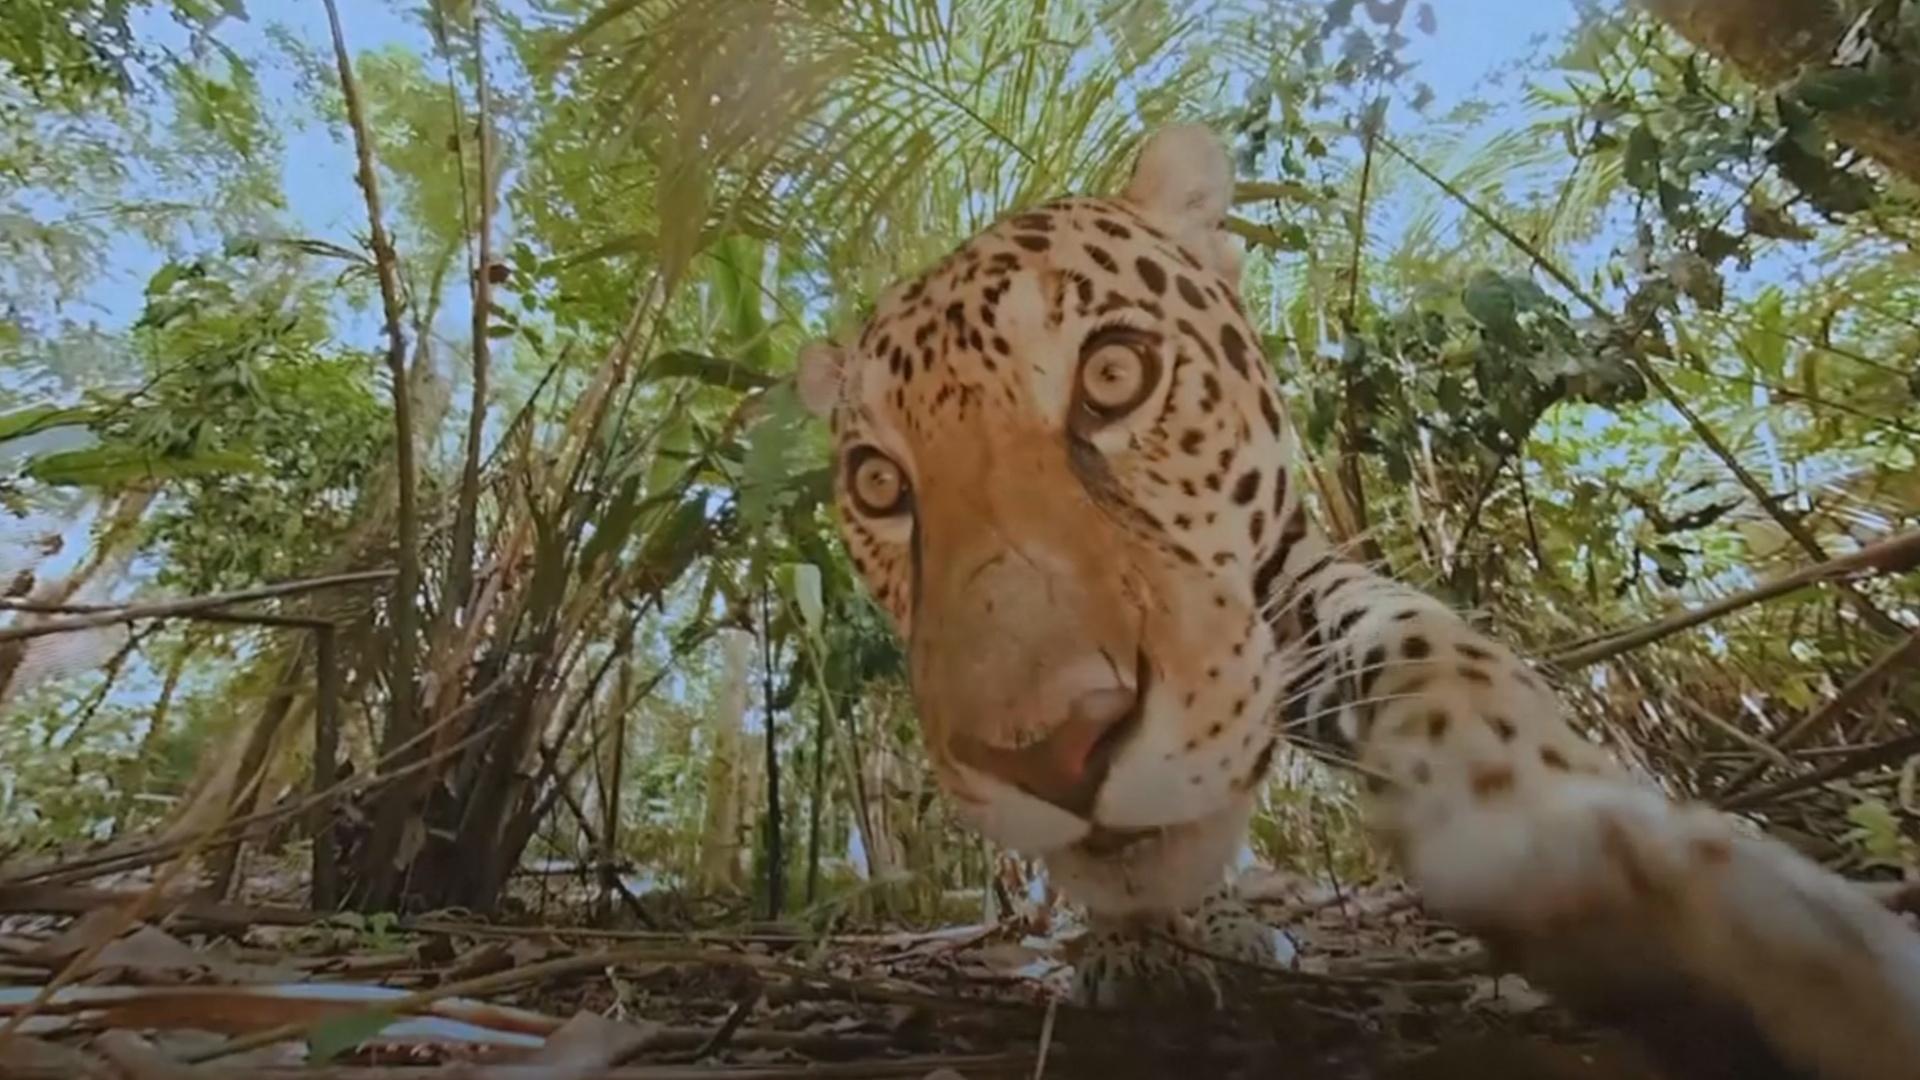 Виртуальная реальность помогает парижанам знакомиться с дикими животными
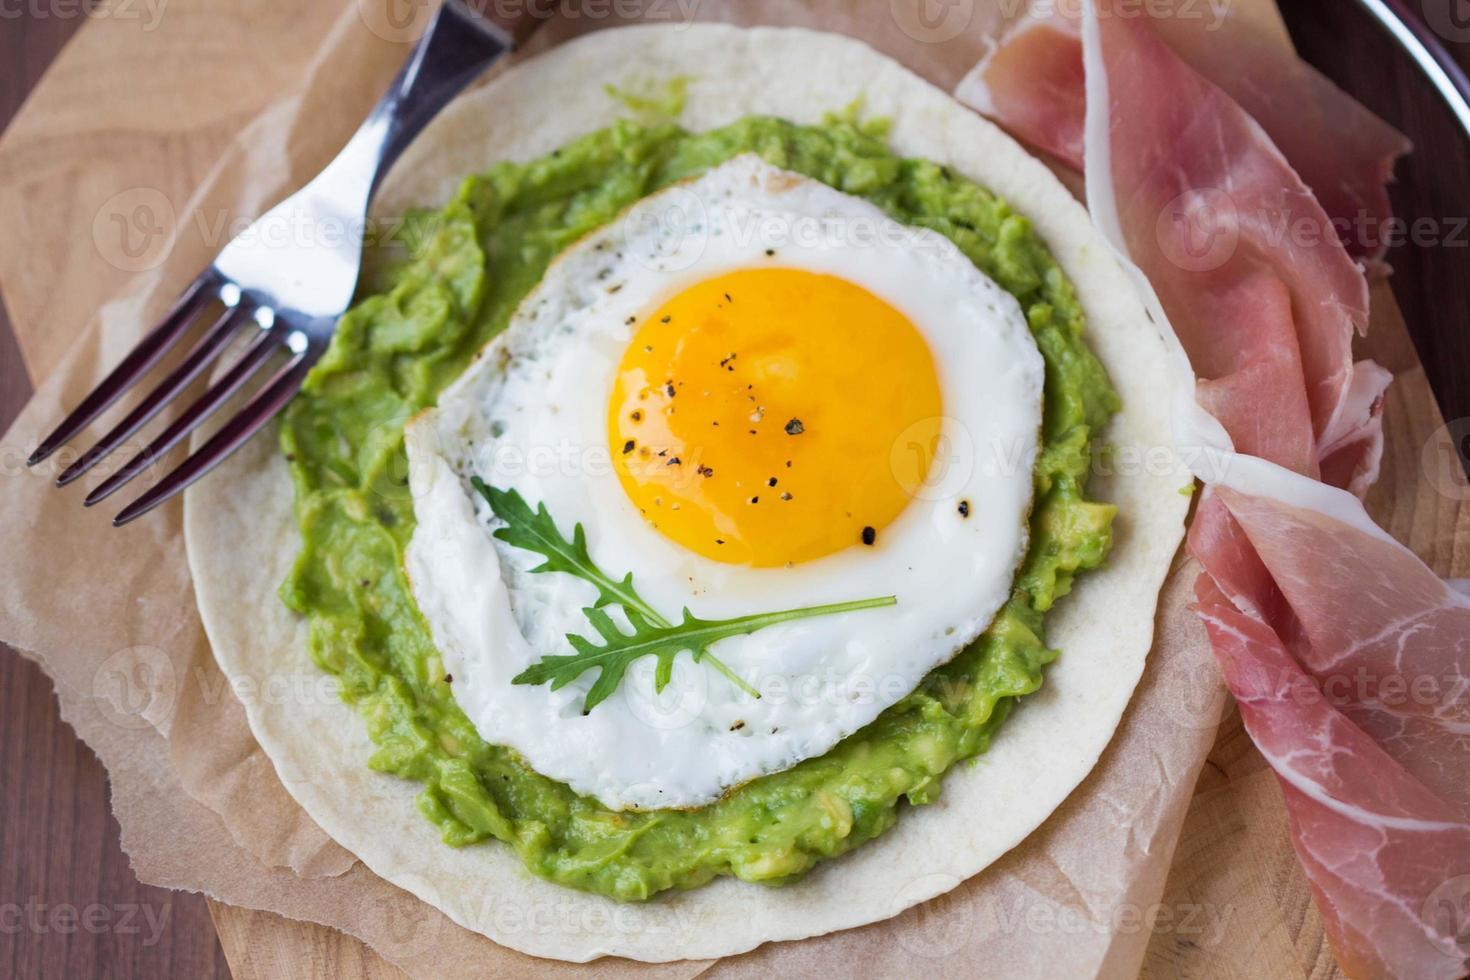 colazione con uovo fritto, salsa di avocado su tortilla di farina foto
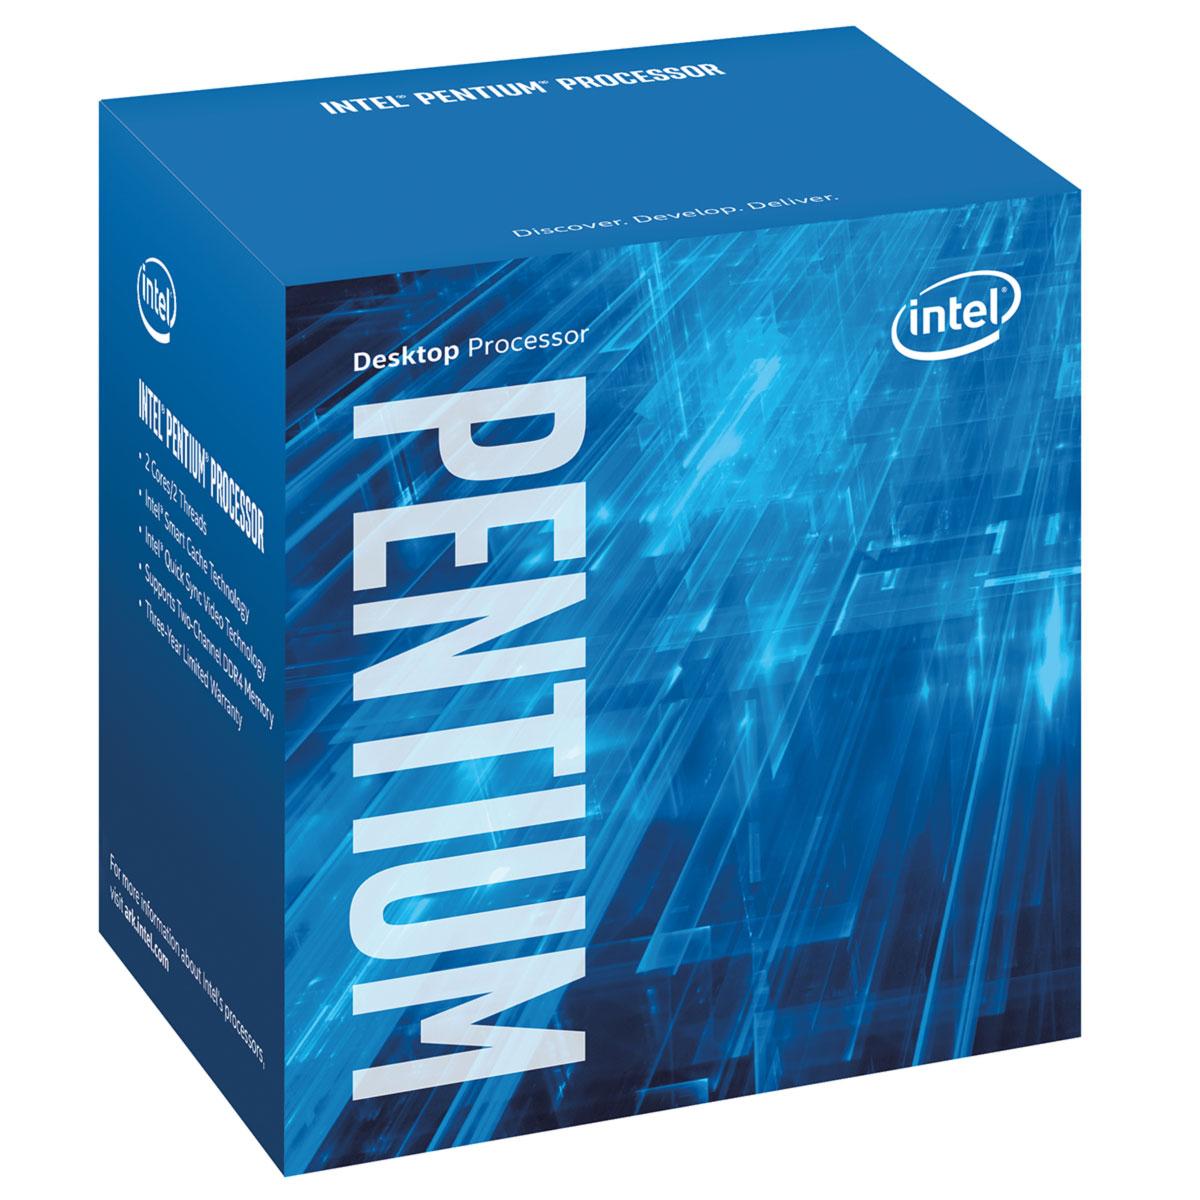 Processeur Intel Pentium G4400 (3.3 GHz) Processeur Dual Core Socket 1151 Cache L3 3 Mo Intel HD Graphics 510 0.014 micron (version boîte - garantie Intel 3 ans)
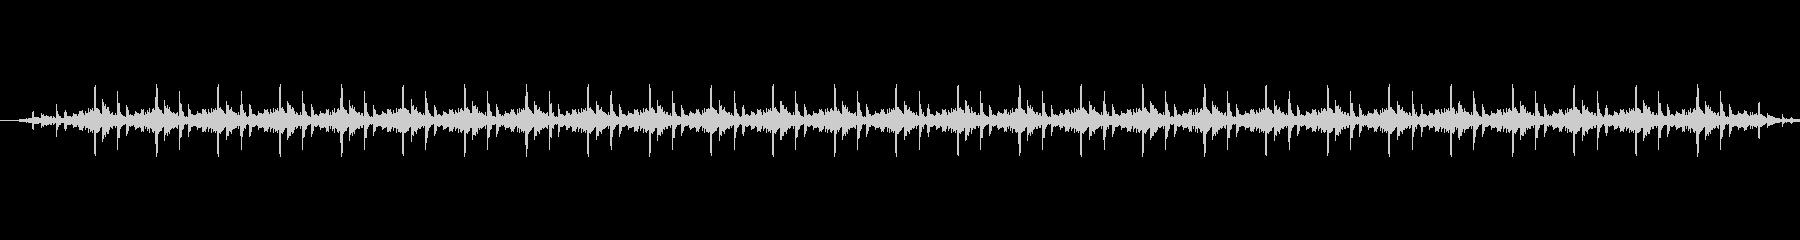 ガタンゴトンの未再生の波形

===

_WHAT TO WORK ON:_
If you see a picture in the listing, skip it while copying everything else exactly.

_SOLVED PROBLEM:_
 Виртуальная реальность помогает парижанам знакомиться с дикими животными
 colazione con uovo fritto, salsa di avocado su tortilla di farina foto
 Processeur Intel Pentium G4400 (3.3 GHz) Processeur Dual Core Socket 1151 Cache L3 3 Mo Intel HD Graphics 510 0.014 micron (version boîte - garantie Intel 3 ans)
 ガタンゴトンの未再生の波形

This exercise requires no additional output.